Almost sure stability of discrete-time linear systems subject to nested quantization under erasure channels of limited data rate

This paper investigates almost sure stability of discrete-time linear systems over packet erasure forward channel (the channel from the controller to the actuator) and packet erasure backward channel (the channel from the sensor to the controller) of limited data rate, which involves input quantization (for the controller output) and output quantization (for the plant output) with limited data rate. The interaction of output quantization and input quantization may lead to the nested quantizations, which complicates the system design immensely.

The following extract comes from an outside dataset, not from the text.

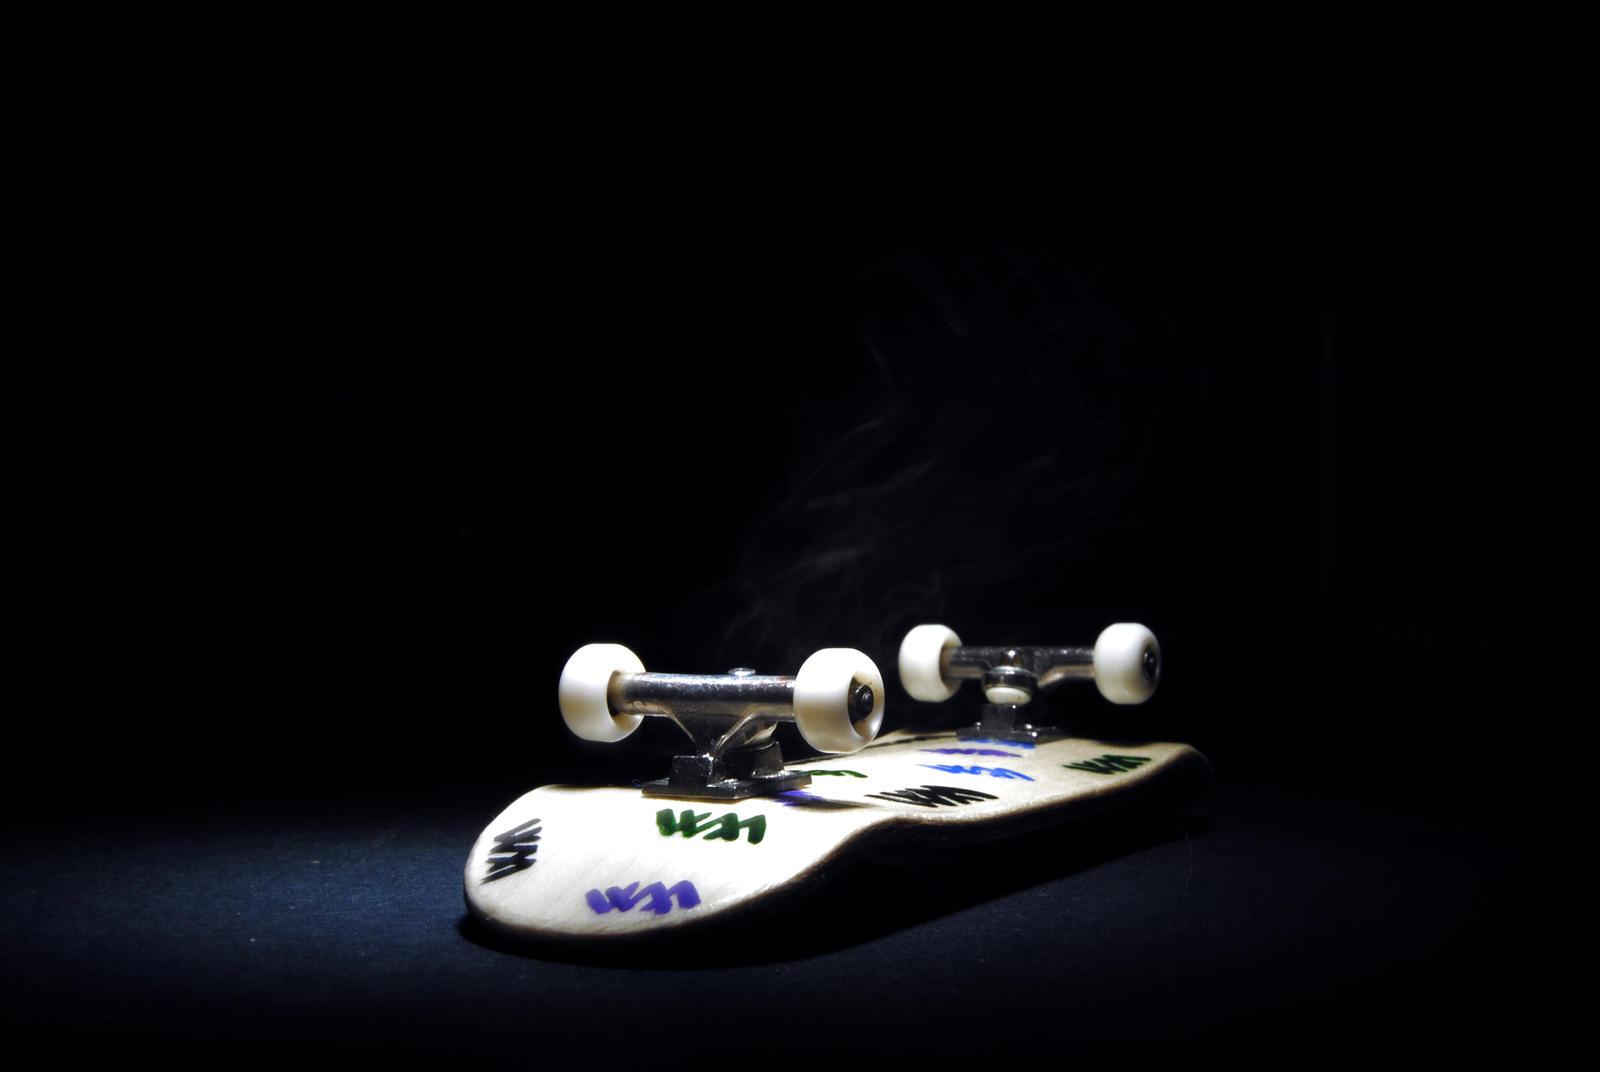 Fingerboard by emilyka on deviantart fingerboard by emilyka fingerboard by emilyka voltagebd Choice Image

Moreover, only by the plant output or the controller output received by their quantizers, the quantizers can not decide the dynamics of quantization region of the plant output and the controller output under packet erasure forward and backward channels, so some dynamical systems are constructed to represent the dynamics of quantization region for quantizing the outputs of the system and the controller. Specially, the state vector of the dynamical systems composes of not only the real outputs of the system and the controller but also their quantized values at last time. By these dynamical systems the considered system is modeled by a stochastic difference system, and the considered problem is transformed into the almost sure stability problem of the stochastic difference system. With spherical polar coordinate quantizer and the constructed systems, a quantization method is presented for solving nested quantization with limited data rate and achieving almost sure stability of the systems under the packet erasure channels. Numerical examples show the effectiveness of the results.